KENNETH IZE
Après avoir collaboré avec la marque Karl Lagerfeld, le créateur nigérian a fait sensation lors de la dernière Fashion Week parisienne. Il nous raconte sa vision de mode, ses ambitions et ses doutes, aussi.
Vous venez de présenter votre collection automne-hiver 2022 lors de la dernière Fashion Week à Paris, comment avez-vous abordé ce défilé?
Je n’étais pas sûr de produire cette collection. Ces derniers temps ont été difficiles, très – peut-être trop – défiants. J’ai le sentiment que tout mon pays, le Nigeria, me regarde et cette responsabilité me submerge parfois. Je ne m’étais pas arrêté depuis mes études à l’Université des arts appliqués de Vienne, donc j’ai pris un peu de recul pour me questionner sur les raisons qui me poussent à faire ce que je fais aujourd’hui. Cette façon de se remettre en question, je l’ai apprise de mes années passées en Autriche. C’est ainsi qu’est né le thème de cette collection plus personnelle baptisée «Dear Fashion», une lettre d’amour à la mode pour la remercier de ce que je suis devenu.
Comment débute votre processus de création?
Étudiant, j’aimais faire du shopping pour dénicher des pièces à partir desquelles expérimenter des choses, couper les bras, jouer avec une manche, rallonger une veste… Je ne vois pas les vêtements comme genrés. En tant que queer, j’expérimente tout ce qui me plaît. J’ai gardé cette habitude. Pour cette dernière collection, par exemple, j’ai passé du temps aux États-Unis avec mon ami, le styliste Ib Kamara, afin de trouver des habits qui nous semblaient intéressants. Ils servent ensuite de base car, au fond, je finis toujours par dessiner ce que j’aimerais porter.
Les textiles paraissent être le point de départ de vos vêtements, comment les choisissez-vous?
Petit, je me souviens de la garde-robe de ma mère en «aso oke», un tissu traditionnel avec des couleurs incroyables, gris, vert, rose… J’aimais me cacher dans sa chambre pour la porter et jouer à Oprah Winfrey, Mary J. Blige, Beyoncé… Ces jeux ont développé mon sens de la mode et j’ai tout naturellement utilisé ce tissu traditionnel pour mes premières collections. C’est à toute cette période-là, aussi, que je rends hommage dans ma collection «Dear Fashion». La mode n’est pas seulement un vêtement, c’est un outil puissant.
Quel rôle a l’impact médiatique pour un jeune créateur? Sans Instagram, je n’aurais jamais eu le privilège de montrer mon travail. Quand on vient d’un pays invisible dans la mode, il n’y a pas beaucoup d’autres possibilités.

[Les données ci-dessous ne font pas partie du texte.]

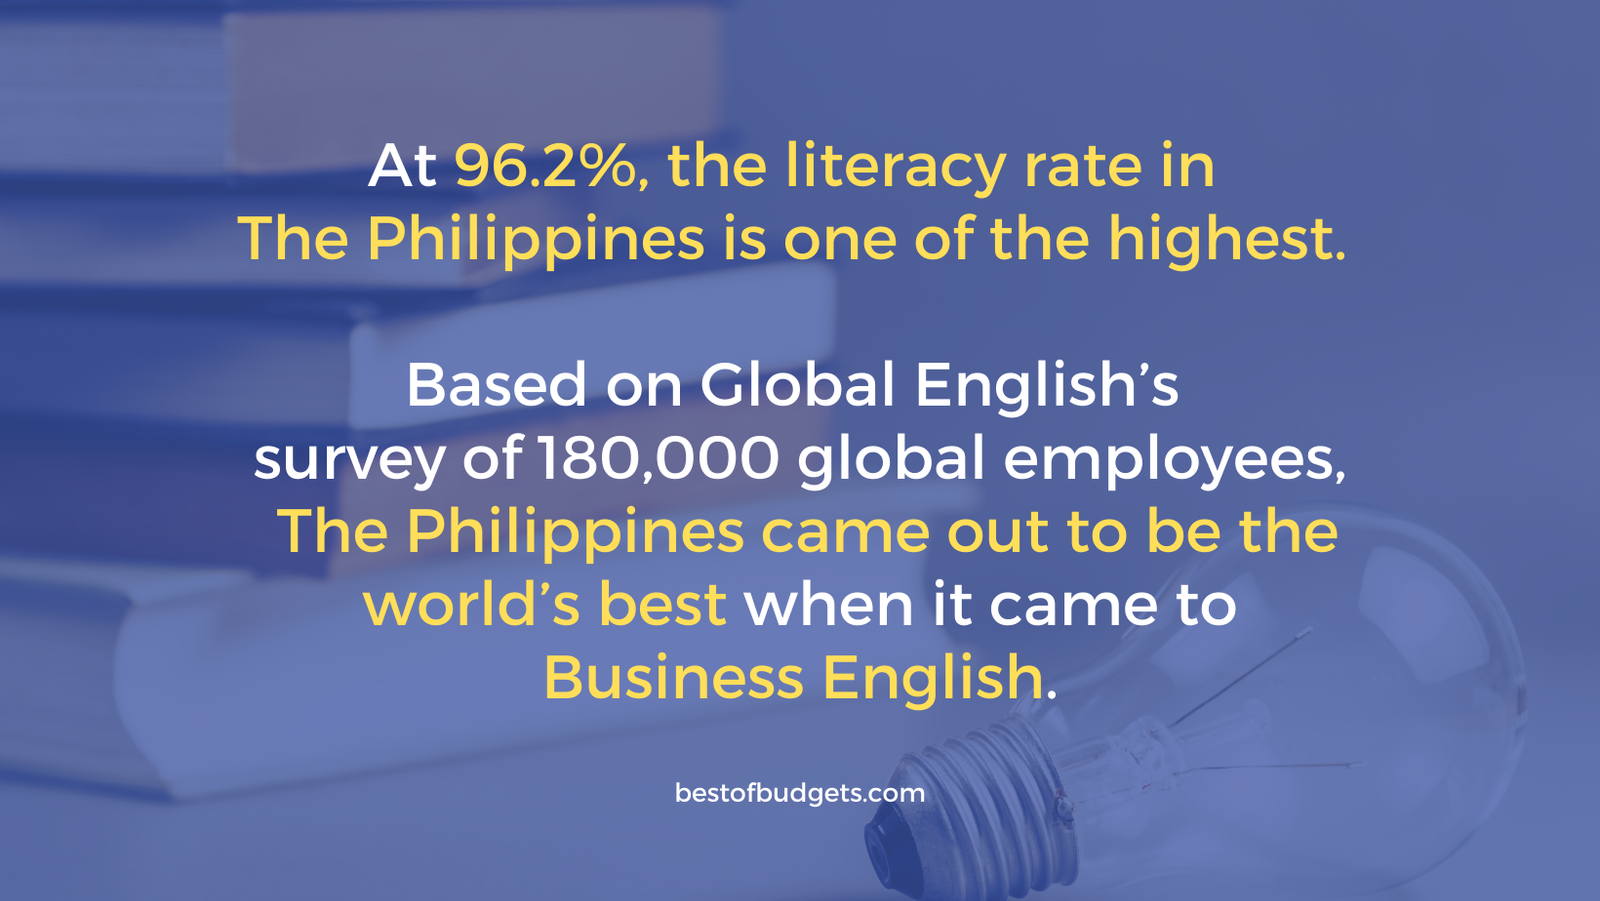 At 96.2%, the literacy rate in the Philippines is one of the highest. Based on Global English’s survey of 180,000 global employees, the Philippines came out to be the world’s best when it came to Business English.
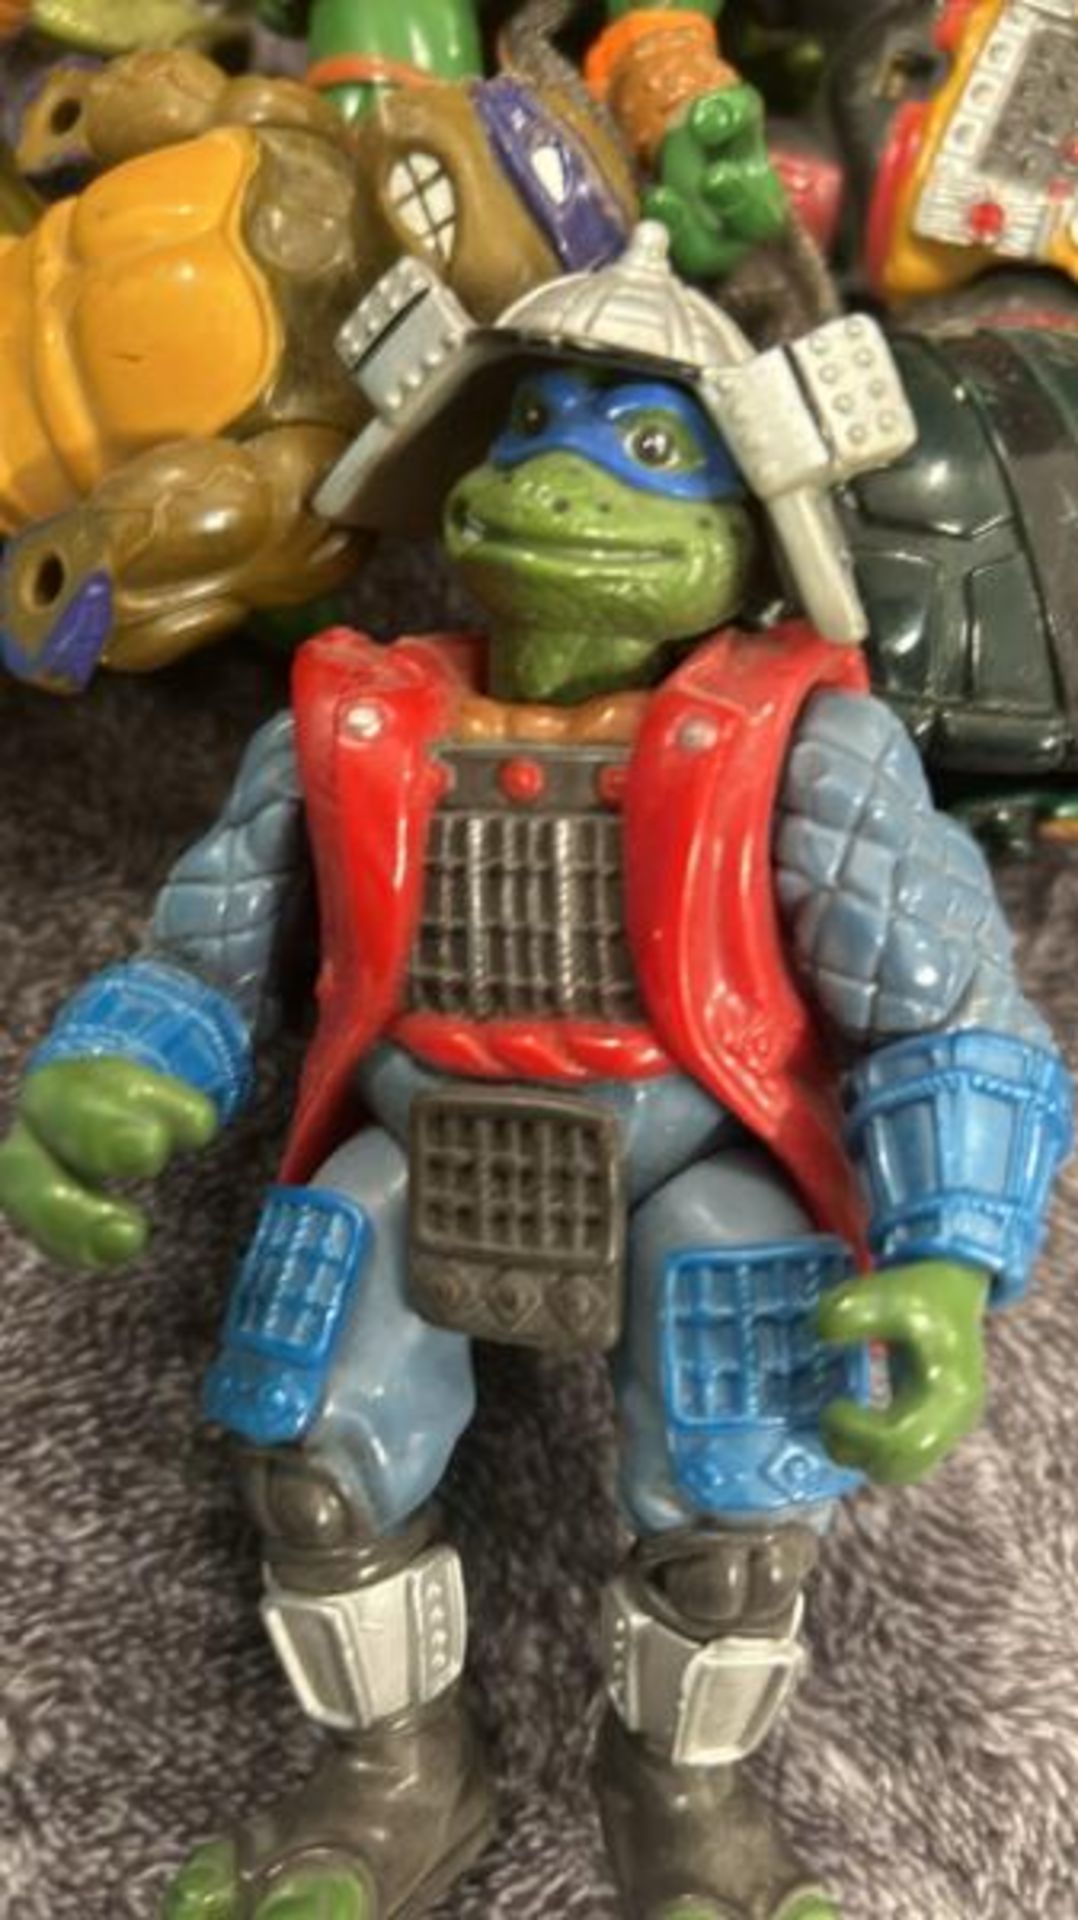 Teenage Mutant Ninja Turtles - Assorted loose figures including some based on the movie versions and - Image 7 of 13

Je ne cherche pas à mener une révolution mais une évolution pour faire connaître cette culture et ses origines. Ce travail de «visibilisation» a été facilité par Naomi Campbell, qui me suit depuis les débuts et m’a appris à croire en ma marque. Elle est ma lumière. Lorsqu’elle m’a proposé de défiler pour ma première collection présentée à Paris, je n’en revenais pas, c’était un rêve.
En tant que designer africain, avez-vous le sentiment d’avoir une mission à mener?
Mes textiles sont confectionnés au Nigeria avec les métiers à tisser traditionnels, mais j’essaie d’en proposer des esthétiques différentes. Je les fais ensuite assembler en Italie, car l’artisanat du tailleur, qui se perd là-bas aussi, est le meilleur. Créer mon usine au pays pourrait mettre les travailleurs dans de mauvaises conditions sanitaires avec les coupures de courant et les générateurs qui consomment du pétrole. Je ne veux pas de cet environnement. La mode doit jouer en Afrique un rôle très important, au niveau économique notamment. Nous bénéficions enfin d’une exposition médiatique qu’il n’y a jamais eue auparavant. Au Nigeria, dans le village où je travaille, tout le monde sait tisser. Nous possédons les savoirfaire pour proposer une nouvelle façon de créer de la mode.